Metformin is generally considered to be a Good Drug.

Interestingly it is an inhibitor of complex I of the respiratory chain, which is almost certainly its primary site of action. It aborts glycolysis to lactate because pyruvate is not much use to mitochondria with blocked complex I. Acute exposure to metformin in tissue culture generates a ton of superoxide. Just what you would expect to benefit someone with T2DM!

Let's have a look at this rather nice paper.

They are using differentiated 3T3-L1 adipocytes, a strange beast if ever there was one, but "everyone does it".

They are working under room air with 25mmol/l glucose, supplemental pyruvate, glutamine and 1000pmol/l insulin. These cells are being driven, hard, generating NADH which works through complex I. Complex II will be supplying some FADH2 but there is zero beta oxidation, unless the fatty acids in the adipocyte stores are being accessed. With insulin at 1000pmol/l this is not going to be happening.

Here is the effect of metformin on oxygen consumption:



A dose dependent fall, exactly what you would expect when blocking complex I. Here is the effect of 1.0 mmol/l metformin on oxygen consumption with time:



Nice curves! And here is the effect on ECAR, a surrogate for lactate generation, over 24 hours:



Metformin is only a relatively weak inhibitor of complex I, the incidence of life threatening lactic acidosis is very low. Not so for the more effective biguanides, phenformin and buformin. Obviously the latter two are no longer used clinically, there were too many hiccups.

Now, here is the level of DHE fluoresence, a specific marker of superoxide production. It's being compared to rotenone (remember Coopers Demodectic Mange Dressing? Thought not!), a serious complex I inhibitor.



Metformin is pretty good at generating superoxide. A bit counter intuitive for a drug which is the best treatment, short of insulin, for managing T2DM, a condition essentially defined by failure to overcome insulin resistance (aka superoxide production).

Hmmmmmmmmmmm.

Now, do 3T3-L1 adipocytes like being in forced to live on ATP from glycolysis plus whatever oxphos can be squeezed through metformin inhibited complex I? Annexin V is a marker of very, very unhappy cells. This is what metformin does to the % of cells which are moribund in culture:



So what is going on? Is metformin going to kill our fat cells in vivo?
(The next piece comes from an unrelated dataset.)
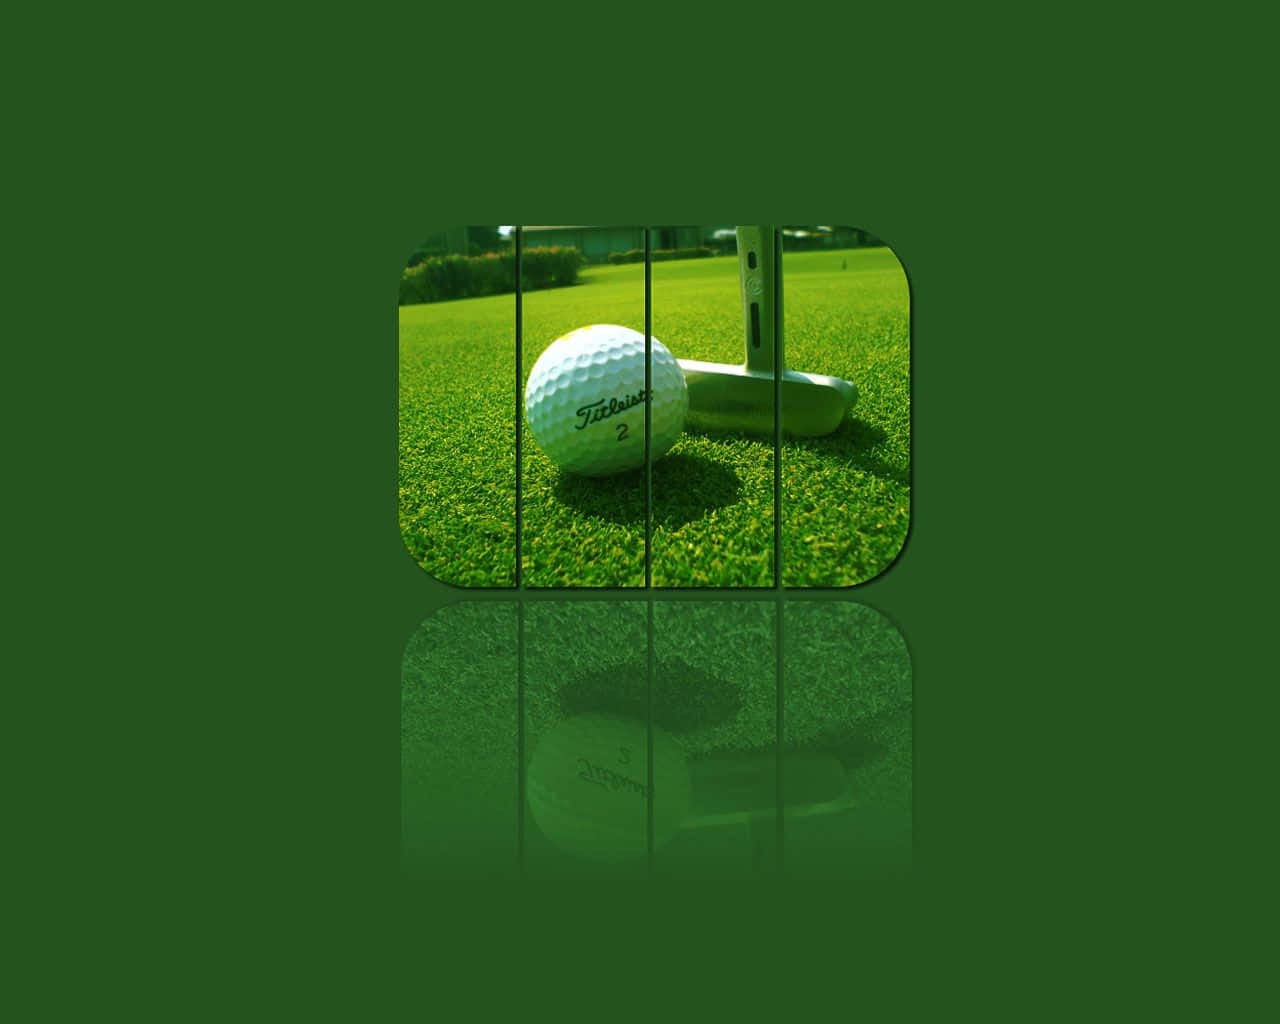 Sink the Birdie at Awesome Golf Wallpaper

It's all back to tissue culture conditions. Glucose at 25mmol/l makes the cells utterly dependent on a combination of glycolysis and NADH oxidation at complex I, plus a little FADH2 from succinate metabolism. Our adipocytes are not in this situation.

Now look at this graph:



This is in starvation medium. Only 2.5mmol/l glucose, no pyruvate, no glutamine. I think insulin is still supramaximal, but who cares about insulin when glucose is down at 2.5mmol/l in tissue culture? But here is the really interesting bit: They had also added 0.3mmol/l of palmitic acid to both the control cells and to the metformin cells. Compare it to the graph below, which is the same situation but with glucose and NADH drivers replacing palmitate:



So: Starvation medium plus palmitate completely reverses the fall on oxygen consumption produced by metformin. Palmitate plus starvation medium, even with metformin, actually allows more oxygen consumption that cells running flat out on glucose in the absence of metformin. It's what you would expect, the respiratory quotient is lower for fatty acids than for carbohydrate.

Metformin does not stop fatty acid oxidation. You do need some complex I activity to provide the NAD+ for beta oxidation, but no one is suggesting there is a complete block of complex I by metformin, it's not mange dressing.

So where do the free radicals come from with metformin? I would guess that the citric acid cycle still cycles, there is a build of of NADH due to complex I inhibition and complex II still reduces the CoQ couple. This could allow reverse electron transfer through whatever complex I functionality is left. There are absolutely no data on this, but I like the idea.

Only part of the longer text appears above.